Hmm. isn't `CK_IntegralToBoolean` for casting Integral/Enum -> Bool, and not visa versa?
I'm not sure i fully understand the assertion enough. In particular, why operands which reference enumerators with a non-boolean underlying type don't hit it. It seems expressions of the non-boolean case are rvalues, but in the boolean case they're lvalues?
================
Comment at: lib/Sema/SemaExpr.cpp:9955
+ // and direction polls
+ return buildResultTy(ComparisonCategoryType::StrongEquality);
+
----------------
rjmccall wrote:
> EricWF wrote:
> > rjmccall wrote:
> > > Should we generate a tautological warning about comparisons on `nullptr_t` that aren't the result of some kind of macro/template expansion?
> > Probably? But we don't currently do it for equality operators, so perhaps this could be done in a follow up patch which adds the diagnostic for both equality and three-way comparisons?
> I thought we had some warnings in that space, but maybe not that one. Don't worry about it.

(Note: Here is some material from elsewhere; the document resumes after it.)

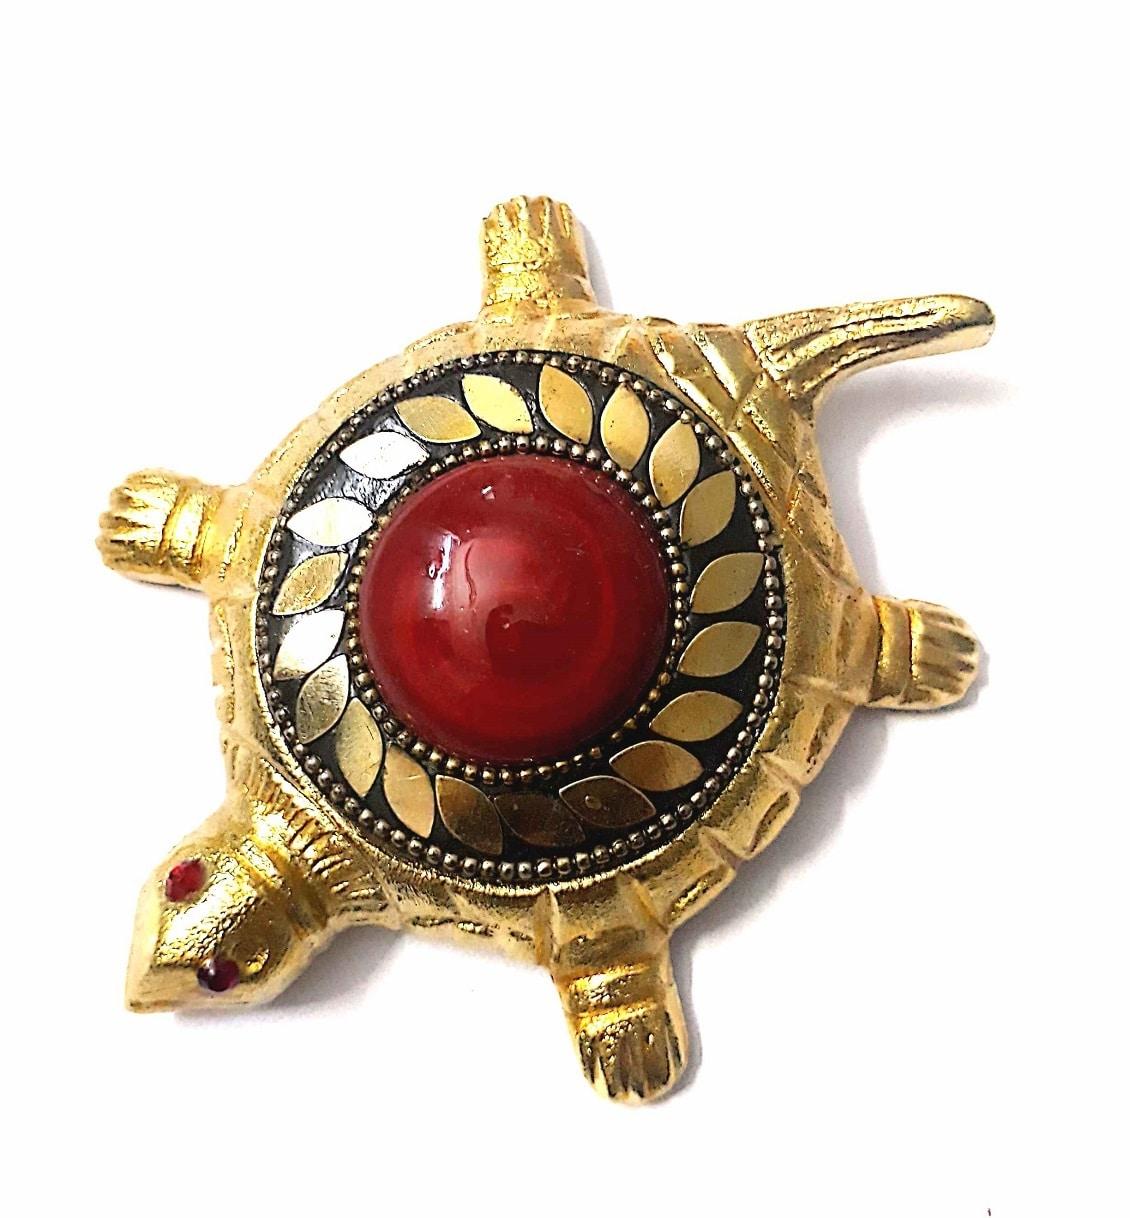 Numeroastro Shri Vyapar Vridhi Yantra On Brass Turtle | Tortoise (Small) With Golden Beaded Design (Red) (11 Cms) (1 Pc)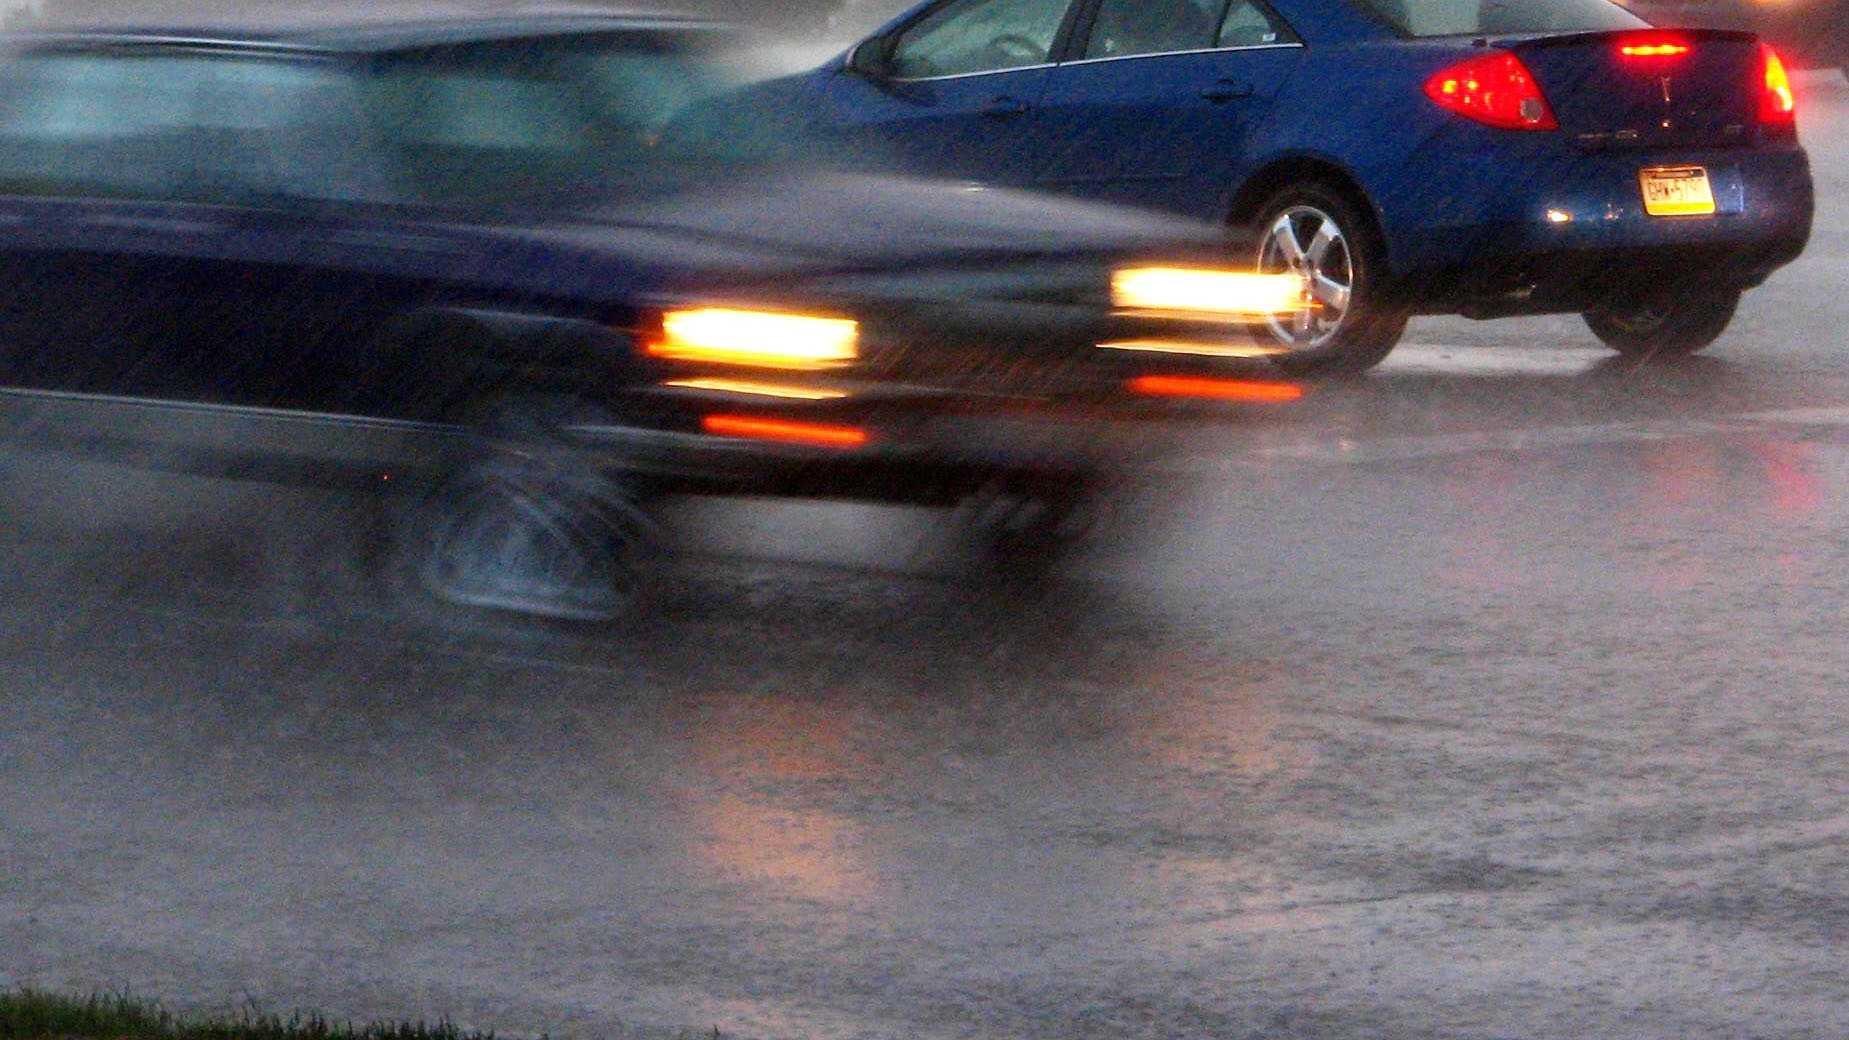 Rain Generic Traffic Day Evening Storm - 13610833

We do have warnings in that space. They're in `diagnoseTautologicalComparison`, and they do warn when the LHS and RHS name the same entity, but not necessarily the same value (as we have when comparing two nullptrs).
It seems reasonable to also warn when comparing two instances of a mono-state type. And I would be happy to add it (and probably will try, but after this patch lands).